今回紹介したい交響詩「仮面舞踏会のエピソード」op.14は、1908年2月に着手され、未完に終わったカルウォヴィチ最後の交響詩。1911年に指揮者グジェゴシュ・フィテルベルクが補完を始め、2年かけて完成。1914年にワルシャワで初演された。自筆譜は第二次大戦で消失してしまい、このフィテルベルクがどの程度筆を入れたかはもはや不明である。カルウォヴィチが書いたのは473小節だという記録は残っている。
カルウォヴィチは、文学・哲学においてはショーペンハウエルやニーチェに傾倒し、音楽においてはワーグナーやチャイコフスキー、リヒャルト・シュトラウスを崇拝していたという。ということは悲観的・悲劇的な内容を、ロマンティックかつド派手に表現するのが好きなんだな、と想像ができる。実際その通りの作風である。この曲は、仮面舞踏会で再会したかつての恋人同士の思いが再び燃え上がり、それもまた舞踏会の喧騒に引き裂かれるという悲劇を描いた音楽で、いかにもカルウォヴィチらしい主題とも言える。拡大されたソナタ形式、再現部以降はフィテルベルクの補筆だそうだが、メランコリックで美しいメロディや半音階を多用した色彩感、そしてスケールの大きな管弦楽法からは、彼が尊敬する音楽家たちの影響がすぐにわかるだろう。
何はともあれ、冒頭の華やかさがいい。金管と打楽器で、いかにも豪華な仮面舞踏会が始まるのだなと心躍る。主題もまた上品で、それでいてどこか不安げで、怪しさもあって、独特な雰囲気を醸し出す。中間部の変ロ短調の悲歌的なパート、ここがメインになるのだろうが、哀しくも美しい恋物語、迷い込んだイリュージョンでかりそめの一夜を踊る二人を思い浮かべながら聴くと良いのかもしれない。美しい。シャイな言い訳は仮面で隠して、ただただ酔いしれたい。再現部の後にはエピローグ的な部分がある。ここはおそらく、完全に後の創作になるのだろうが、このように静かに消え入る終わり方以外はないと、むしろ必然ですらあると思える。ああ、ああ、焦れったいような回想だこと。そうして二人はまた引き裂かれる運命なのであった。完。
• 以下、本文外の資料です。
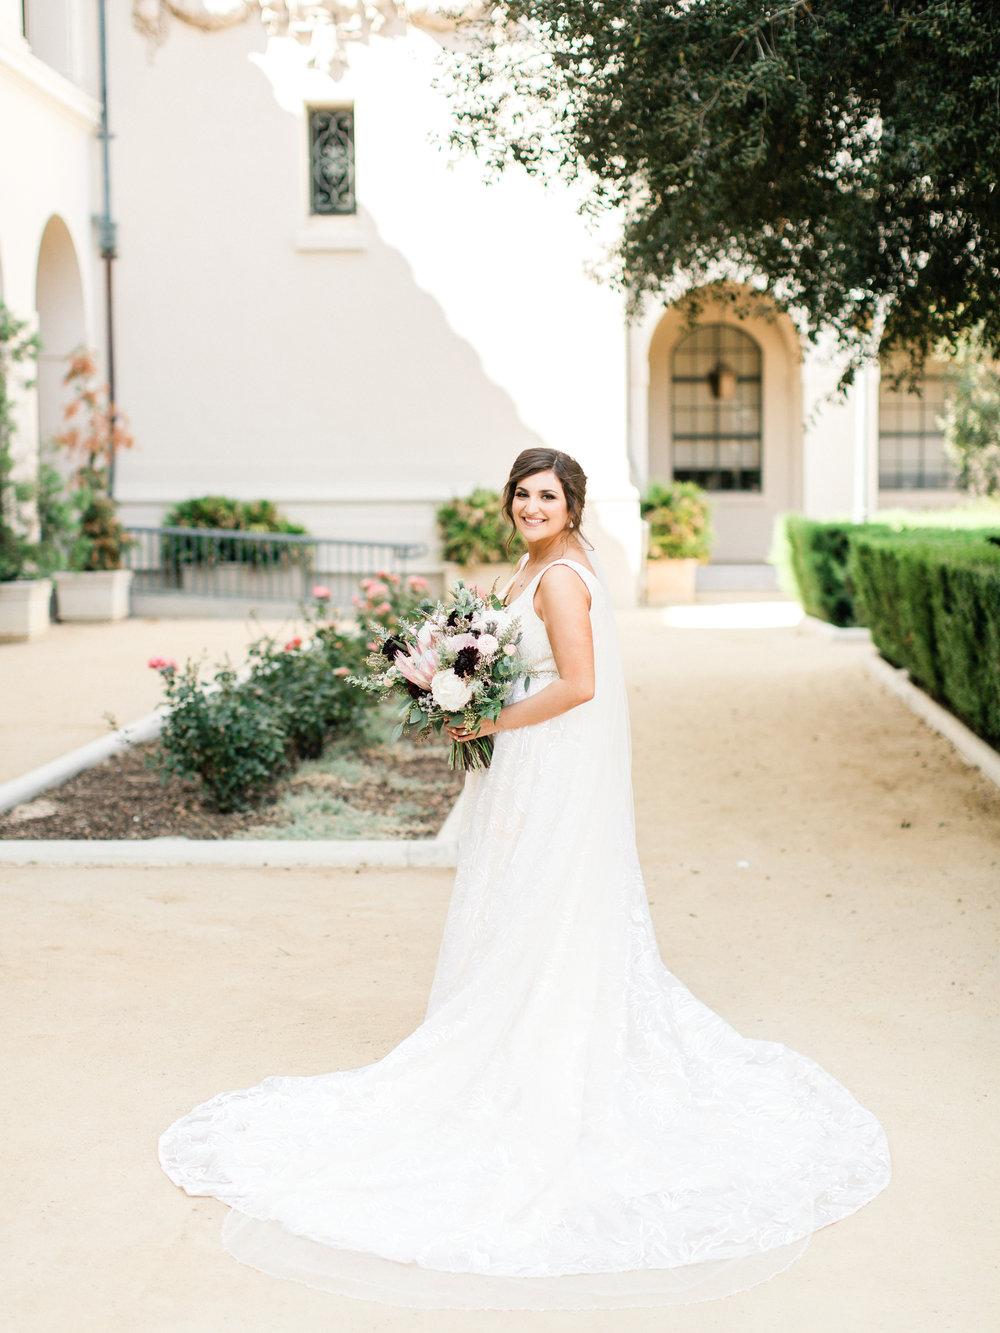 Ari-Jordan-Pasadena-City-Hall-Noor-Wedding-59.jpg
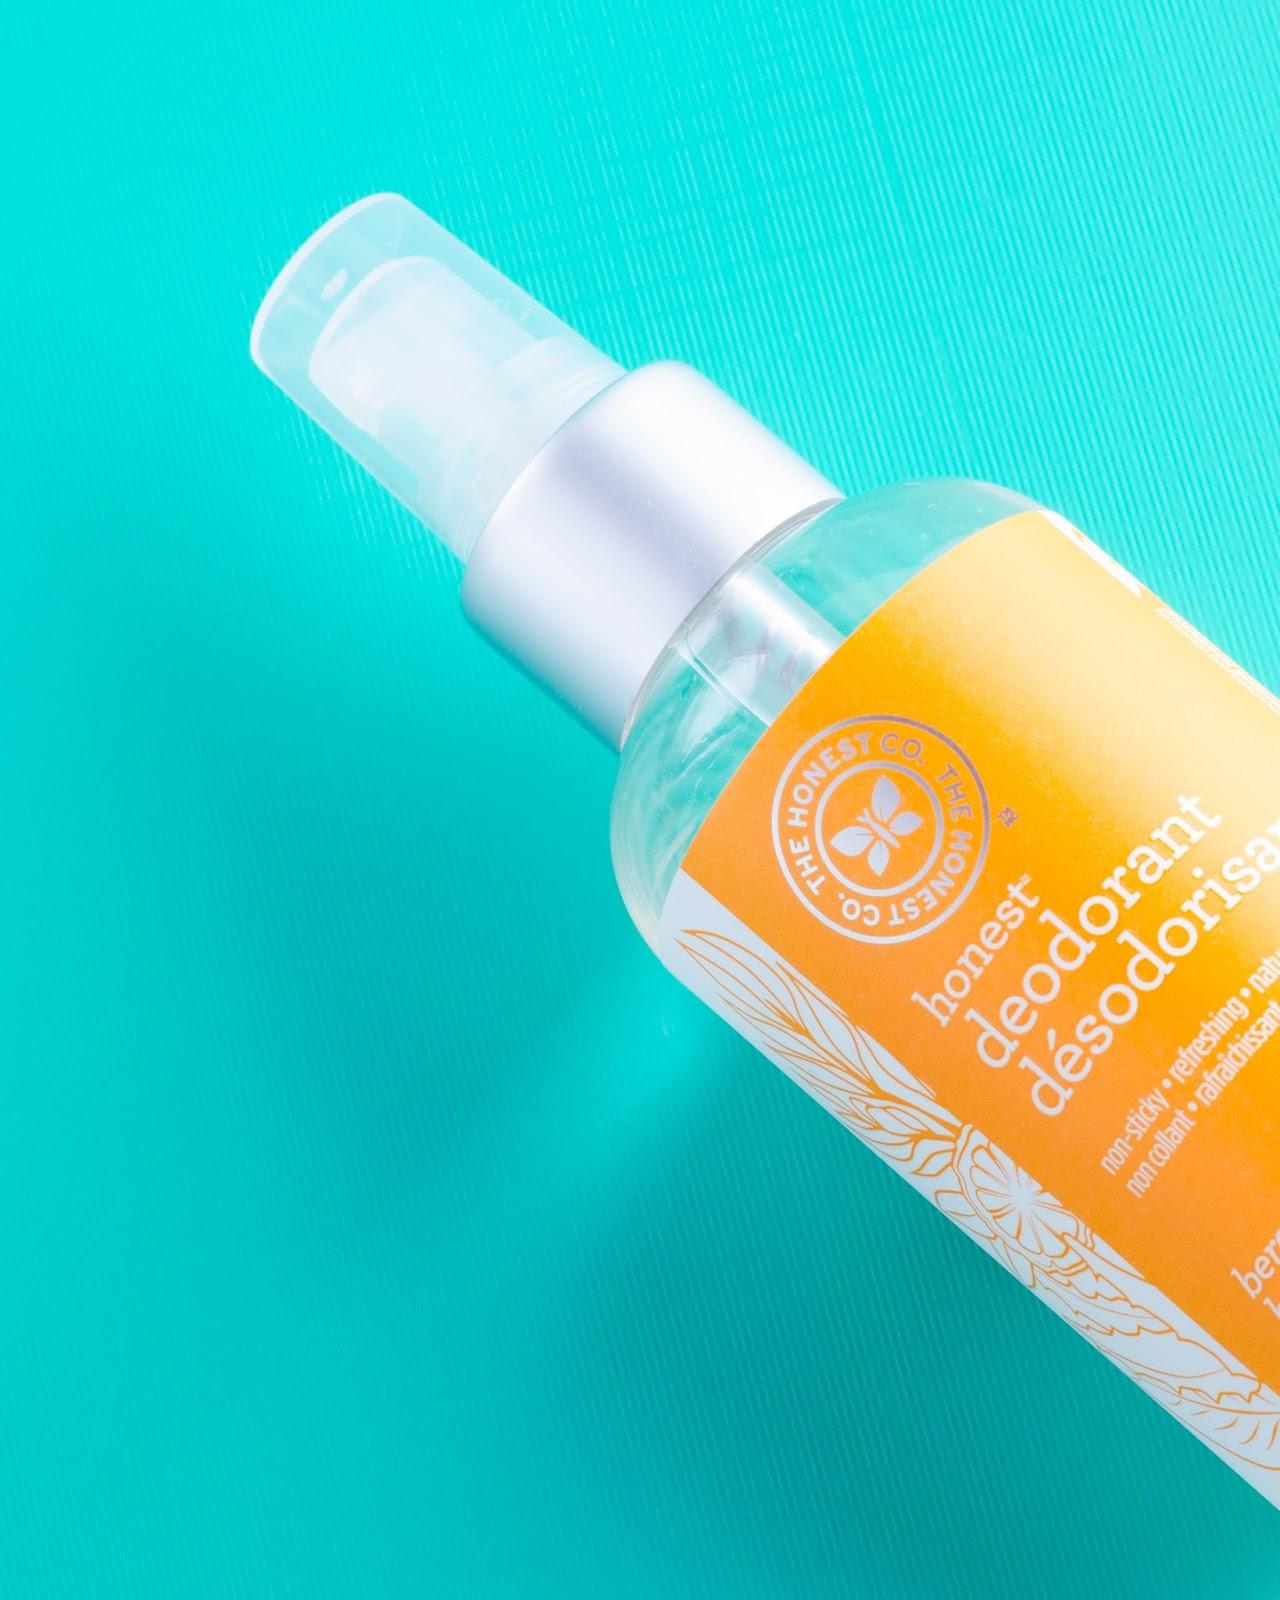 A close up of The Honest Company Honest Deodorant in Bergamot Sage Natural Deodorant

補筆したフィテルベルクは、自筆譜にはこんなテキストがあったと指摘している。
彼女(声に出して):「あなたなんて知らない」 (囁き声で)「行って……行ってしまったものはもう戻らないの……聞こえる?……消えて――忘れて!」
これ、実話かなあ? なんて勘ぐってしまうけど……カルウォヴィチさん、そこんとこ、どうなんですか!?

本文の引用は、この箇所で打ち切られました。